As extreme weather events intensify, consumers are left with rising insurance premiums or are losing insurance coverage completely. But we know these companies are financing and underwriting fossil fuel extraction, with weak or zero public plans to back away.
Earlier this month, the Senate Budget Committee sent a letter to insurance giants AIG, Chubb, Liberty Mutual, Starr Wright USA, Berkshire Hathaway, State Farm, and Travelers Insurance to disclose their coverage for and investments in fossil fuels and information on how each insurer respects human rights. But will they respond with honest reporting of their fossil fuel connections?
U.S. insurers have approximately $582 billion invested in fossil fuels, and none have ruled out support for fossil fuel expansion. Meanwhile, scientists have made clear that there can be no new fossil fuel infrastructure if we are to limit warming to 1.5°C and avoid climate catastrophe.

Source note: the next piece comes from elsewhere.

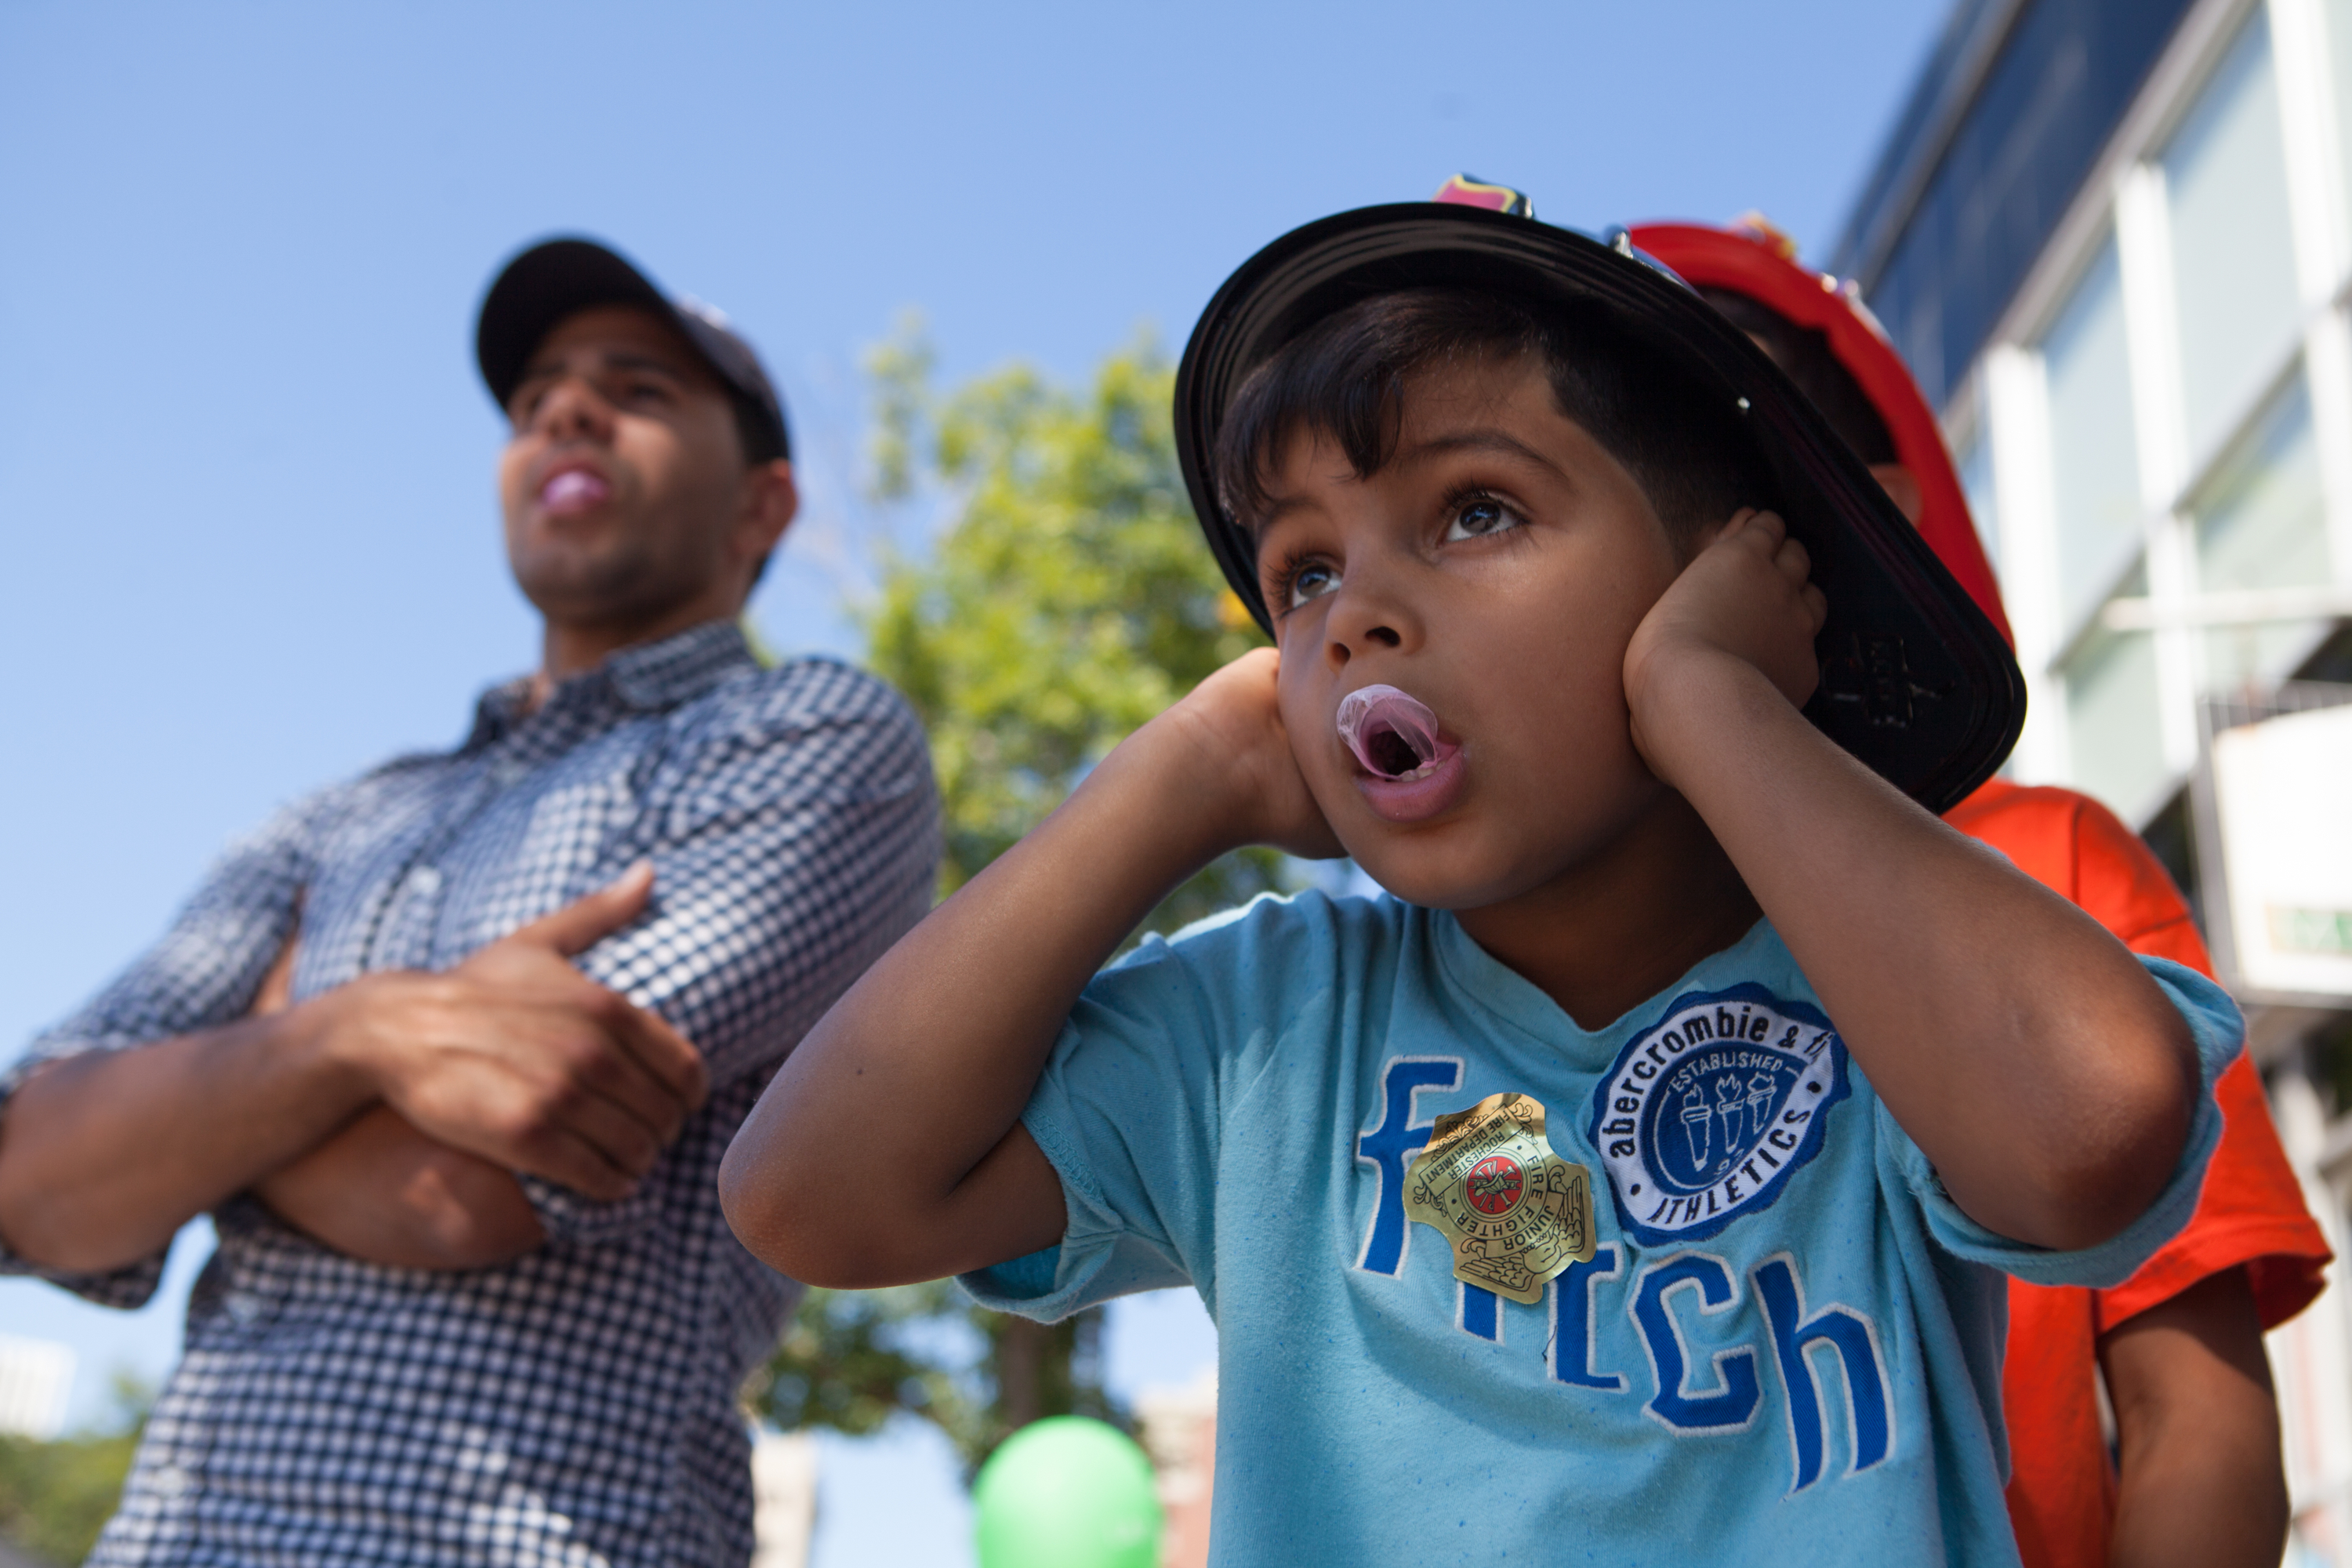 Jahdiel Marrero, 8, of Rochester, covers his ears as fire trucks blare their horns during the annual Rochester Labor Day parade along East Avenue in Rochester, N.Y., on Sept. 5, 2016. The parade featured union workers, public officials, and local first responders, among others.

The lack of transparency in the insurance industry allows insurers to keep quiet on their financing of controversial fossil fuel projects. This lack of transparency gives them a green light to continue business as usual.
The Senate letter demands insurers disclose which companies they’re underwriting and financing the fossil fuel industry, disclose how these insurers are evaluating climate-related risks, and steps they’re taking to ensure impacted communities are consulted before extractive and polluting industries move in.